TASK INSTRUCTIONS –
In the answer, give the entries below exactly, from the first line through the line with "Fay T-shirt With Pocket シャツ", with every picture omitted.

Records contained in a dataset
============================================================

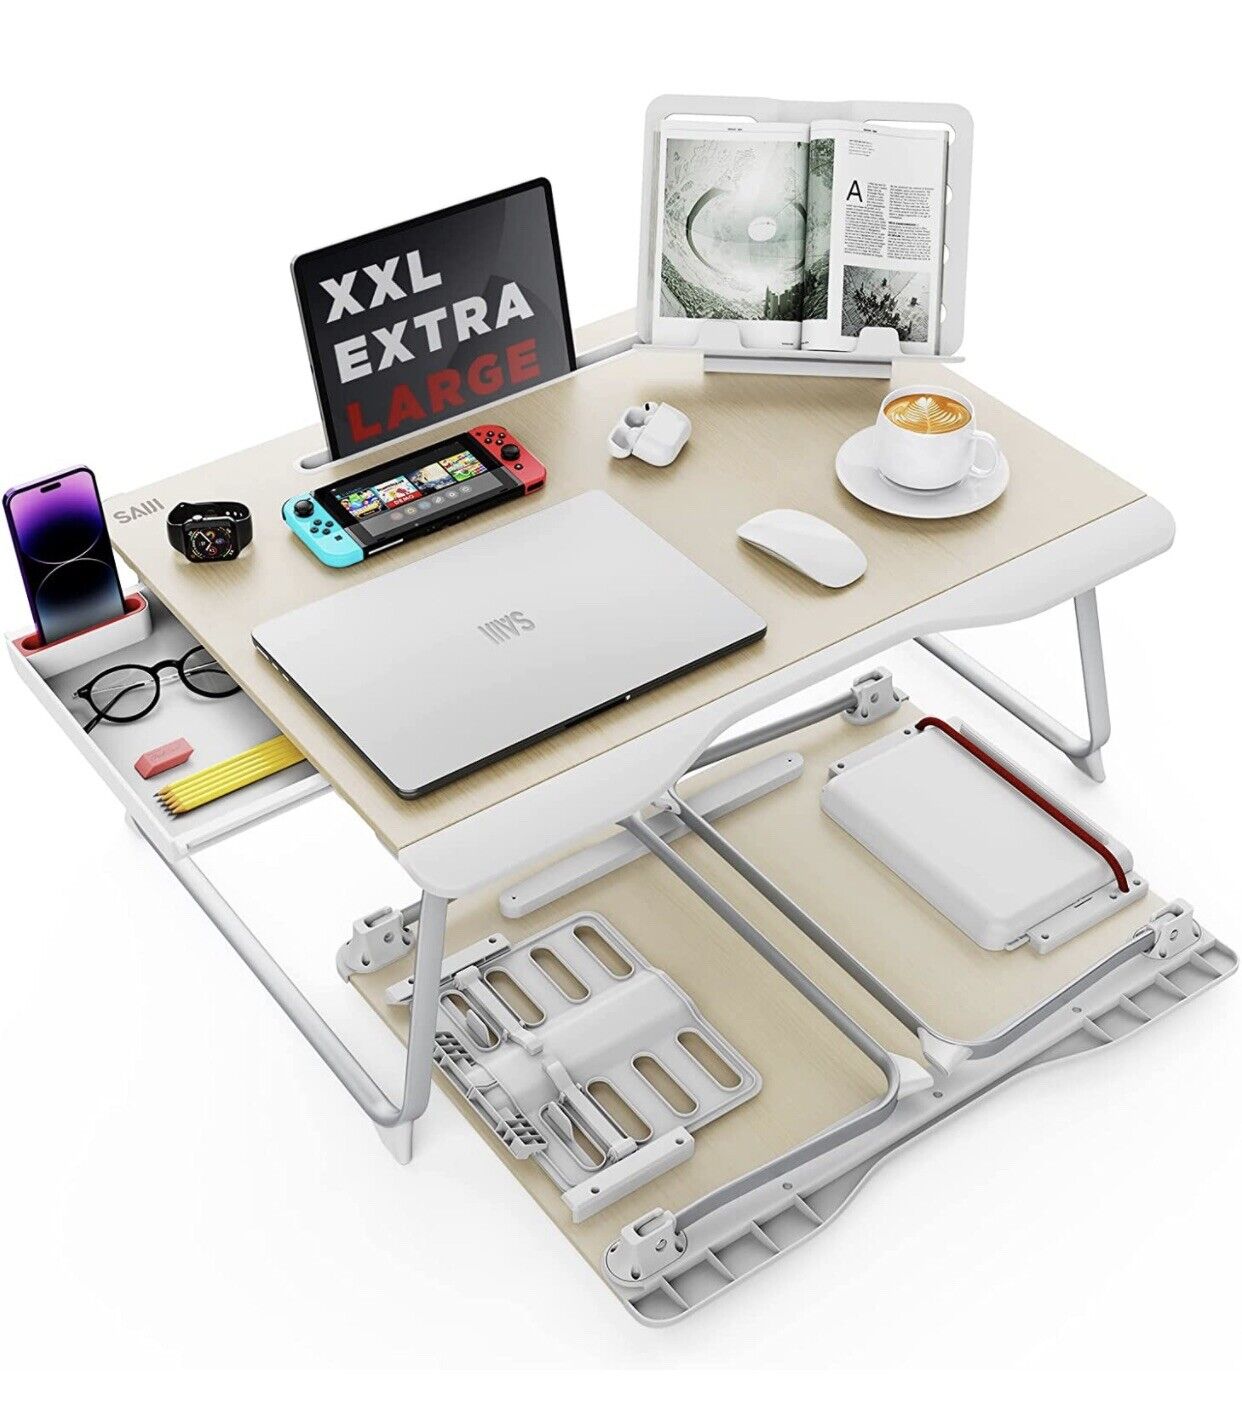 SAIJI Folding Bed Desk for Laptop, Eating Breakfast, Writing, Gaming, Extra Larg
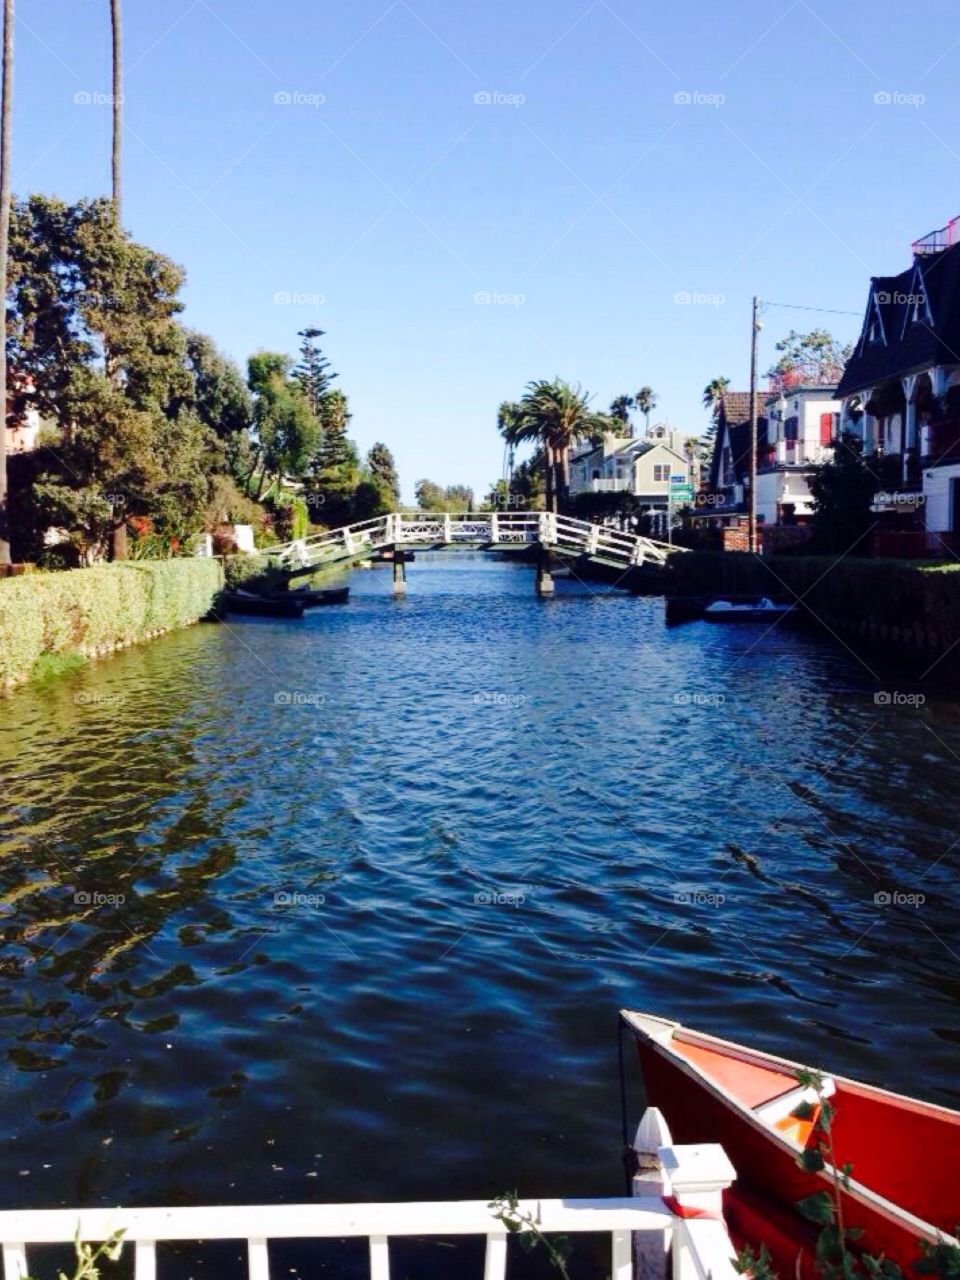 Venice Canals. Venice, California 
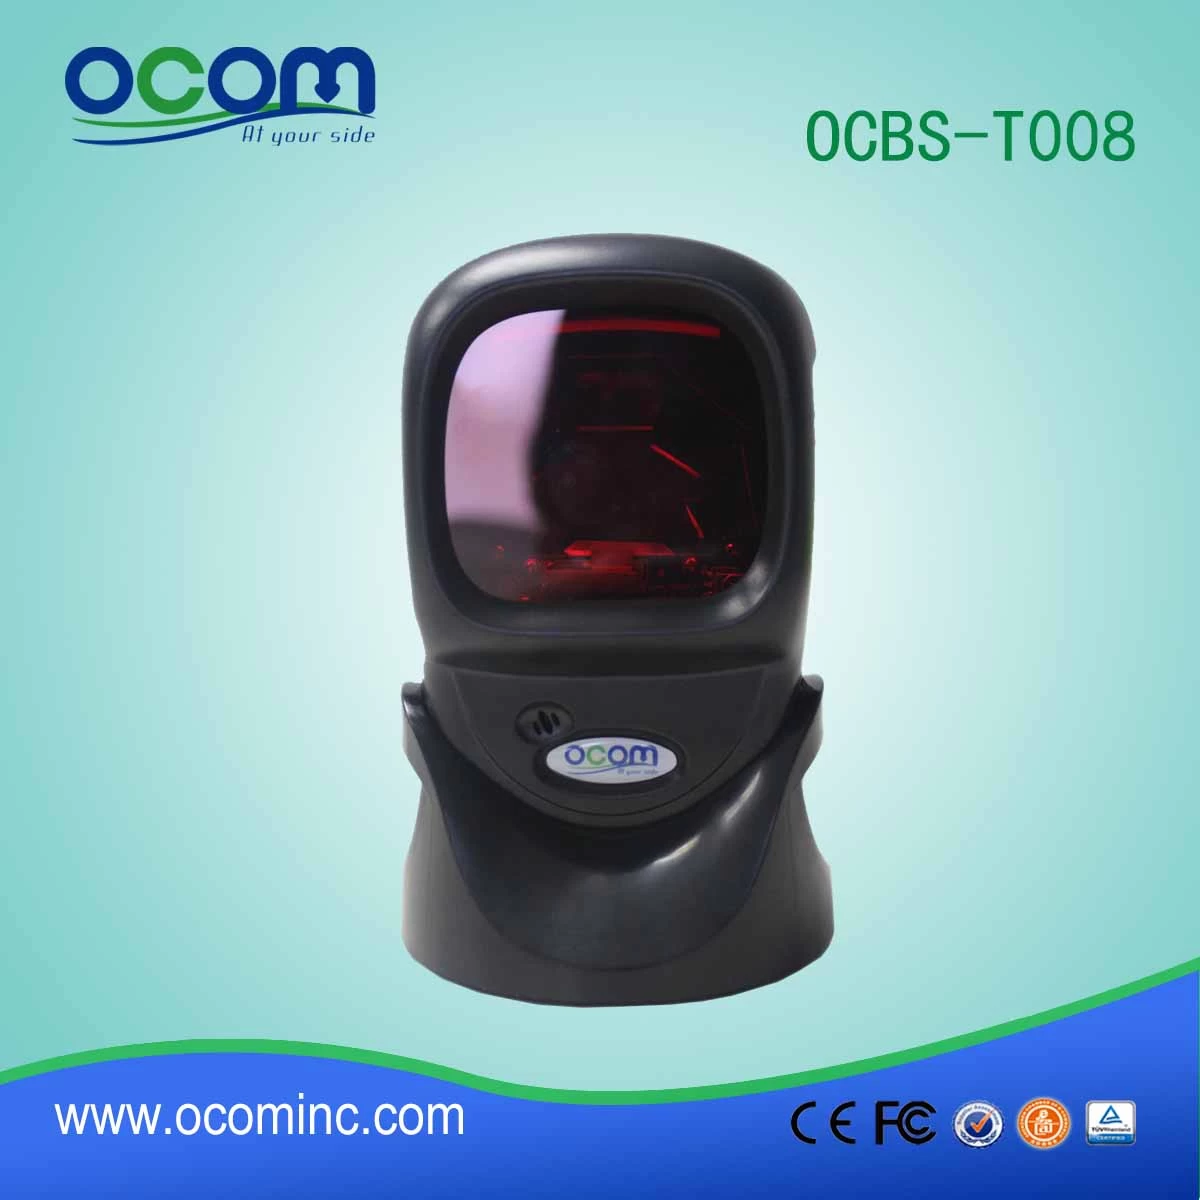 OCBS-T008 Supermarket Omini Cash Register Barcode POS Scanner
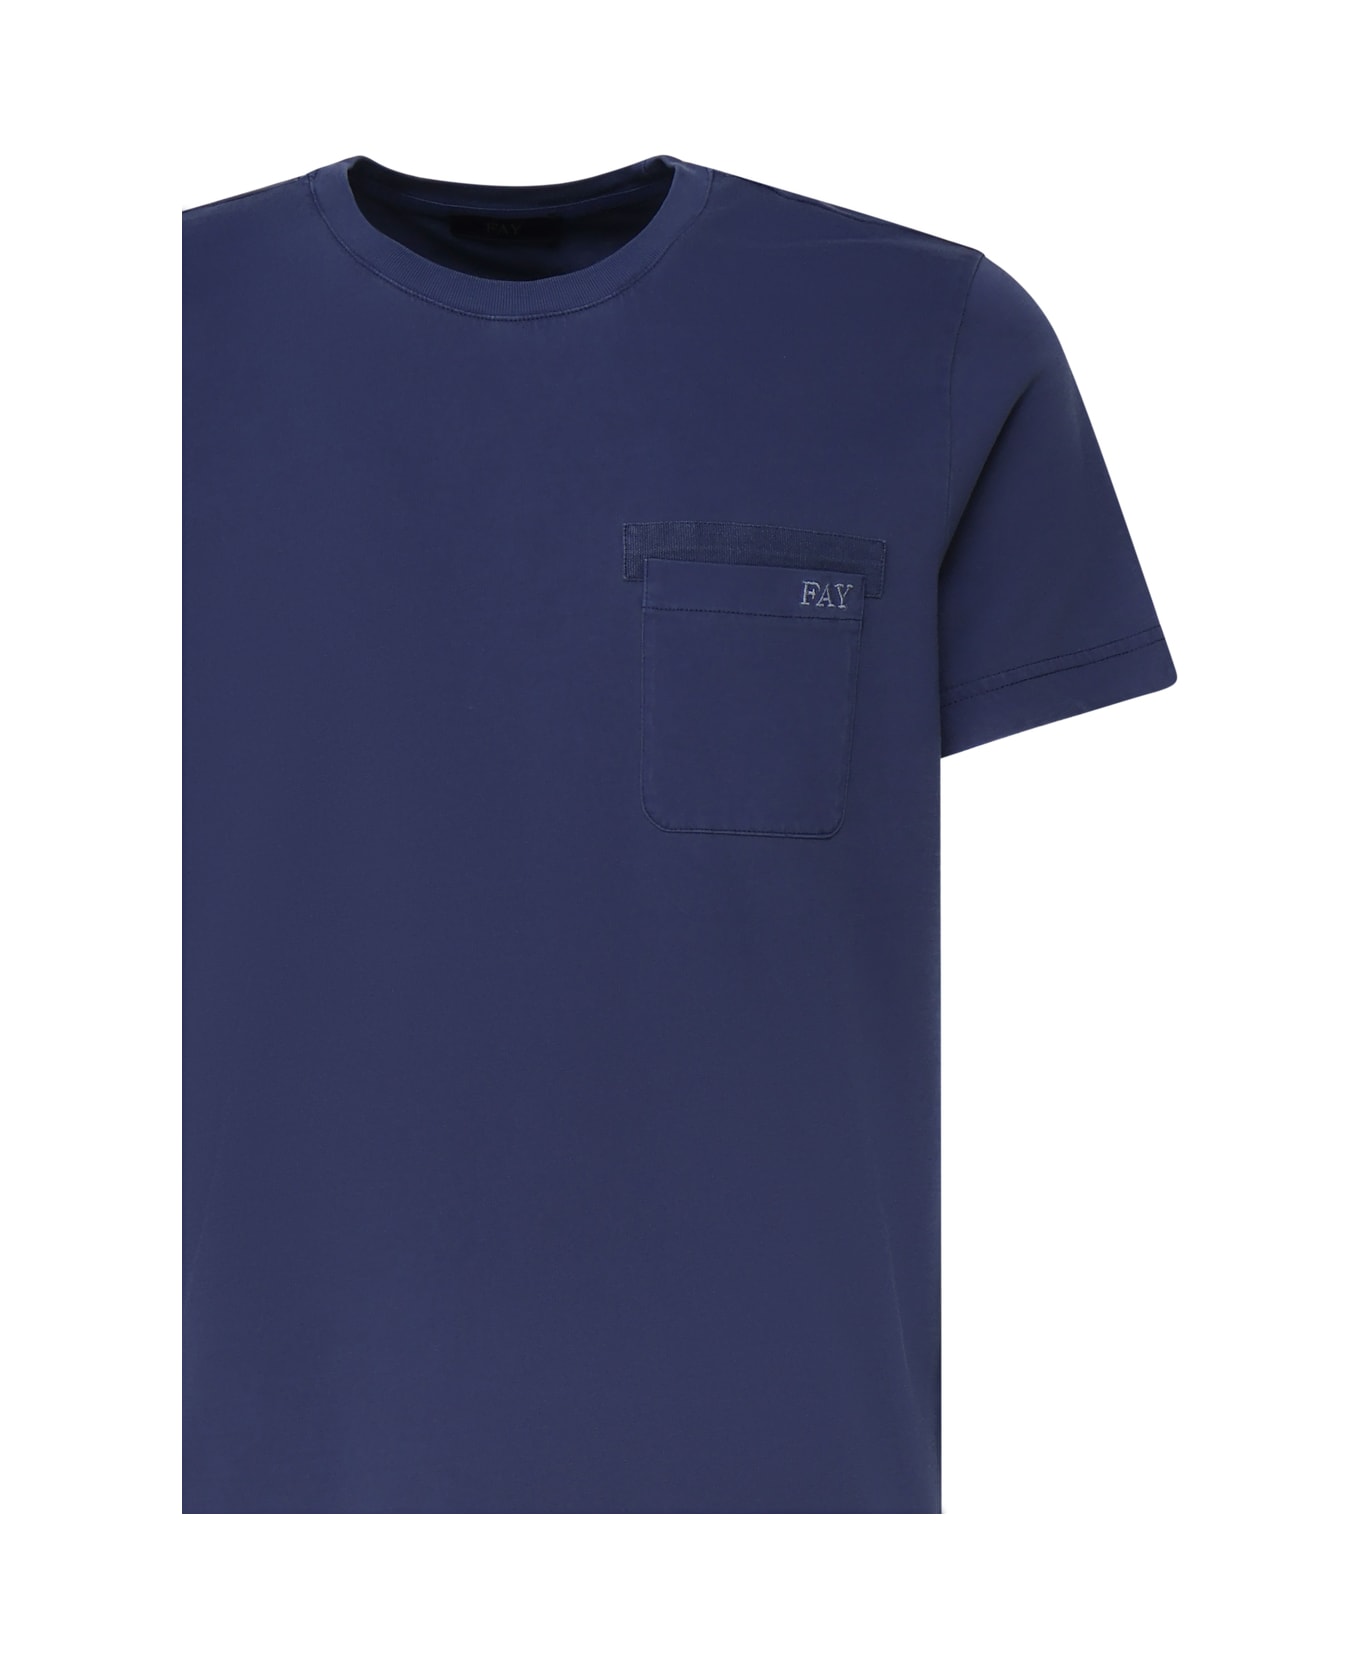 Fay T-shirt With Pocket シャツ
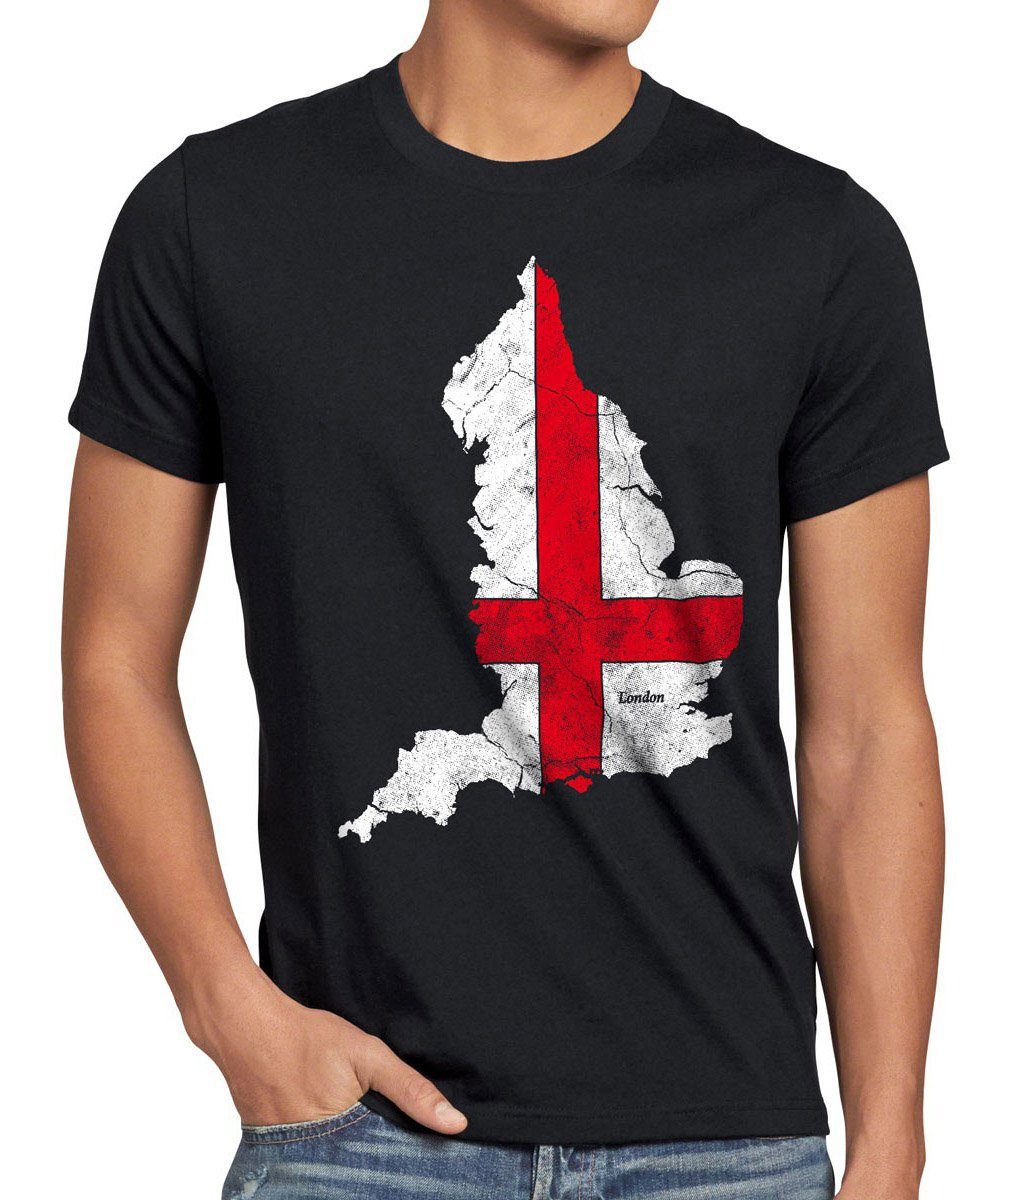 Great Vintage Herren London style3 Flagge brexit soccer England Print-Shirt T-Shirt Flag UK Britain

============================================================

EXERCISE RESULT –
 SAIJI Folding Bed Desk for Laptop, Eating Breakfast, Writing, Gaming, Extra Larg
 Venice Canals. Venice, California 
 OCBS-T008 Supermarket Omini Cash Register Barcode POS Scanner
 Fay T-shirt With Pocket シャツ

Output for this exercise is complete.